JPMorgan Selling 1.4M SF Santa Monica Office Campus

Water Garden goes on market as LA office availability hits record 25%.

JPMorgan Asset Management has put its 1.4M SF Water Garden office campus in Santa Monica up for sale.

An asking price has not been disclosed for the 17-acre campus, which includes eight six-story office buildings that are 84% occupied, with tenants including Amazon and Sony.

Eastdil Secured is listing the property, which was acquired by JPMorgan in 2001. Water Garden is the largest Westside office campus north of Interstate 10, featuring a series of waterways surrounding the office buildings.

In May, Amazon inked a 200K SF lease at the campus. Software firm Oracle leases 290K SF at the campus and Entravision has a 145K SF footprint at the landmark office complex.

JPMorgan completed a $50M renovation at the campus in 2016. The complex includes a fitness center, daycare center, bank outlets and several restaurants, as well as parking for more than 4,000 vehicles.

While net absorption treaded water in the Los Angeles office market in the third quarter, vacancies climbed to a record of 20% and available sublease space surged to a new high of 10.7M SF, which is nearly 5% of the current office inventory, according to Newmark’s Q3 report for the industry.

Newmark said cost-cutting measures by the tech sector is inducing tech players to reduce their office footprints in LA.

“Most tech company valuations have suffered notable losses in recent month. This is leading to cost-cutting measures, notably among firms that aggressively staffed up in recent years and exponentially grew their real estate footprints,” Newmark’s report said.

Notable sublease listings added in Q3 included Honey, with 132K SF in DTLA; Netflix, which listed 121K SF in Burbank—increasing the streaming giant’s sublease total in LA to 188K SF; and Herbalife’s listing of 98K SF in DTLA.

The market report indicates there are likely to more sublease listings added to the total in Q4. “Hiring freezes, slowdowns and layoffs are on the race,” Newmark said.

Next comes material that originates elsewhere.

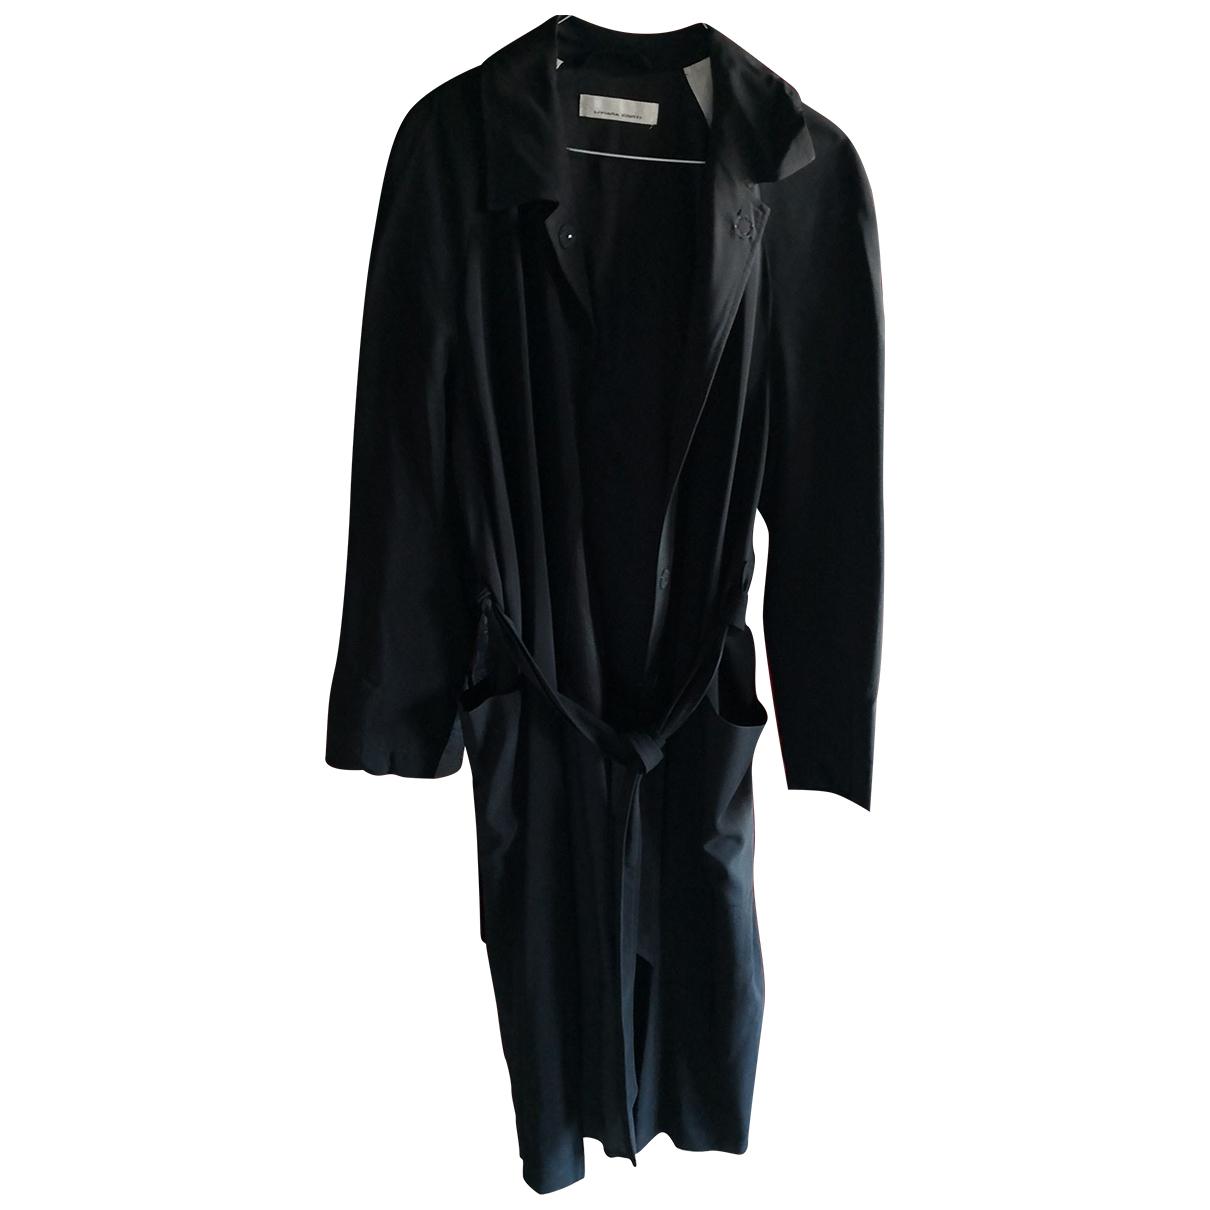 Liviana Conti \N Black coat for Women 44 IT

The only bright spot in the market report—and it’s barely a glimmer—is that net absorption in LA’s office sector leveled off at negative 2K SF in the third quarter, an improvement over the absorption amount of negative 261K SF in Q2. This was overshadowed by the surge in sublease space in Q3.

“Sublease availability has more than doubled from pre-pandemic levels and finding a tenant to backfill the average sublet offering is difficult amid a crowded [sublease] market,” Newmark’s report said.